That is very true. However, it does not preclude gauranteed loss. When betting, you are betting on a single spin and any color or section of 12, etc is just as likely to come up as another. That is on a SINGLE spin. What I do is bet against "occurrances", as I call them. while in the grand scale, the percentages will more closely resemble statistical probability in tewrms of percentage, they also tend to reflect probability in terms of "streaks." That is why there exists roulette world records. For example, let's examine Pi. http://3.141592653589793238462643383279502884197169399375105820974944592.com/index1.html

Any streak of 6 would be 1/10th to the 6th. aka, one in a million. 10 numbers popping up 6 times in a row in the first million places of pi is the predicted outcome. (one for each digit) 1=1 2=1 3-1 4=0 5=2 6=0 7=2 8=0 9=2 0=0 for a total of 9 "occurances".

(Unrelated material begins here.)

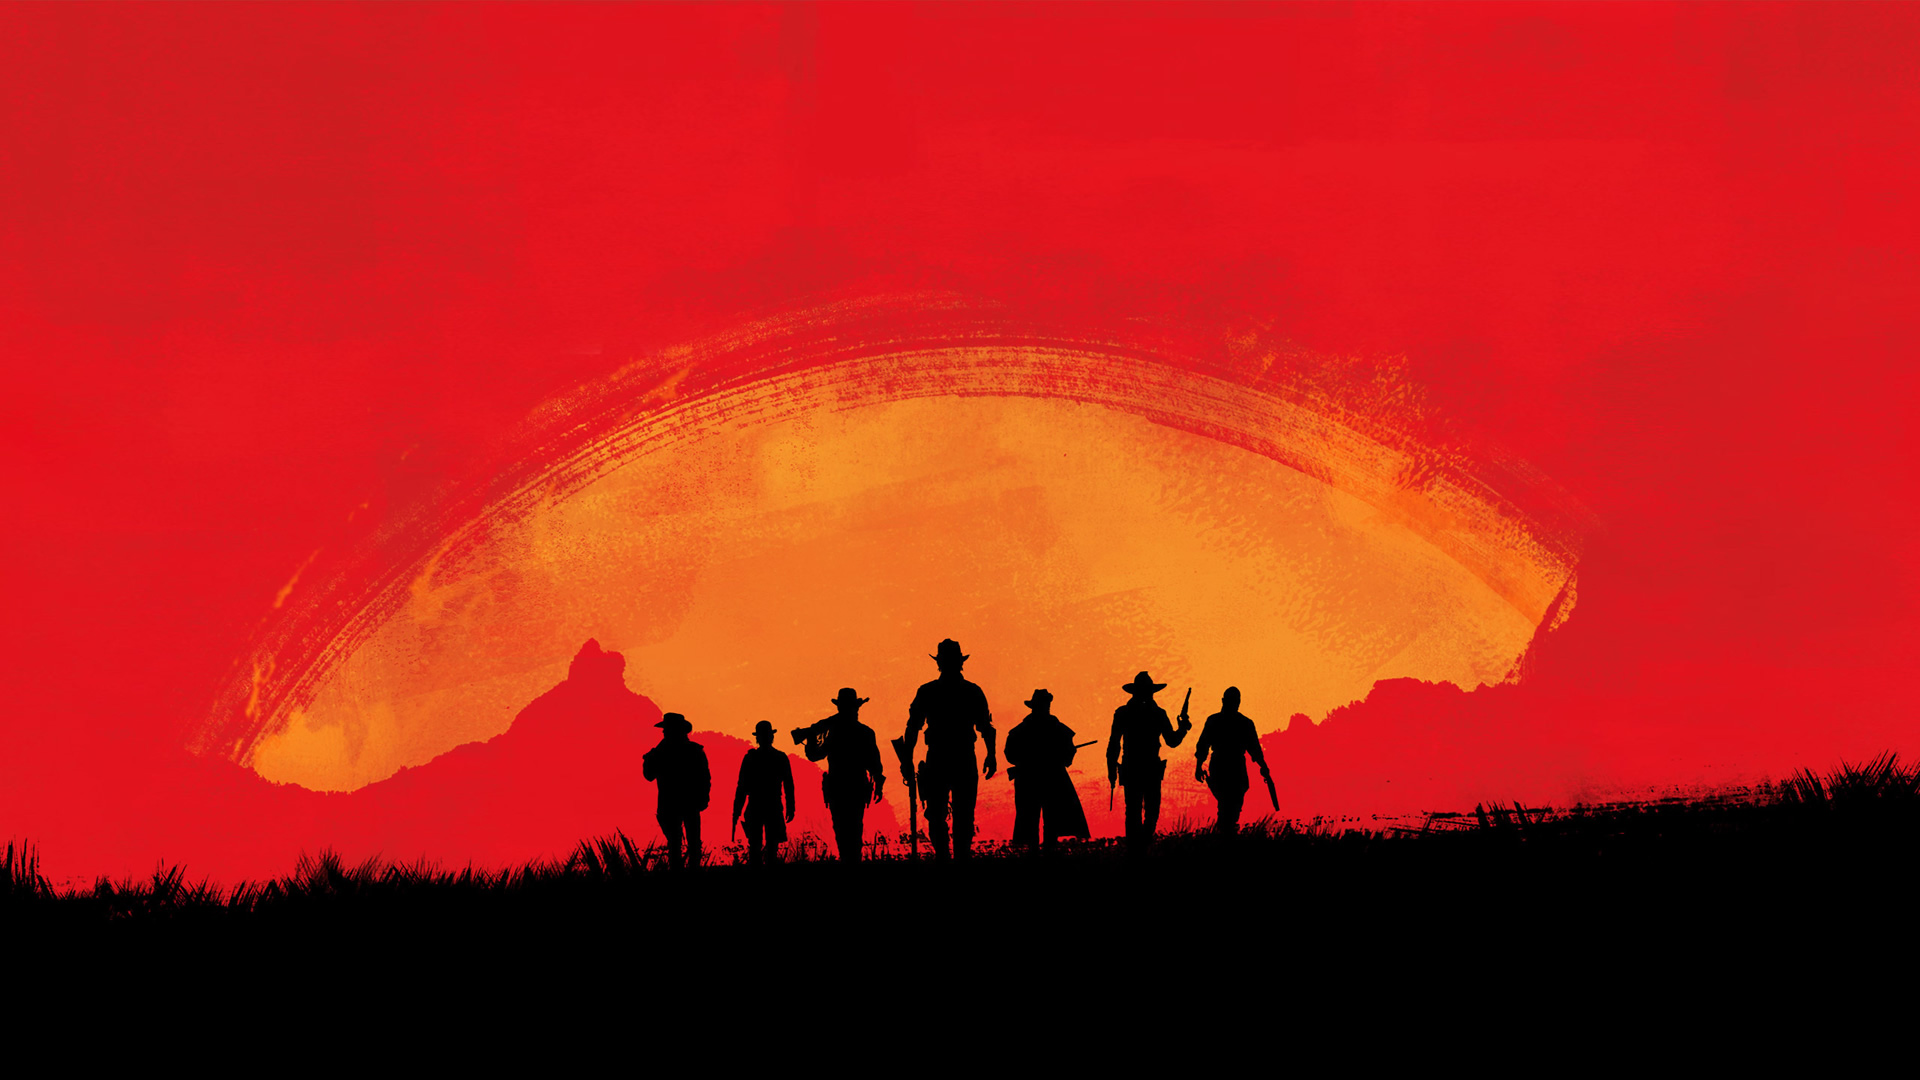 Red Dead Redemption II - Sunset Gang

The real trick here is to acknowledge that there is an average distribution of 111,105 numbers between each "occurance" even though the predicted outcome is 99,994. What I bet against is that I happened to sit down and play 200 (about 7 or 8 hours of gameplay) spins that fall right on that "occurance". 99,994/200 = about 1 in 500. The same principle applies to roulette.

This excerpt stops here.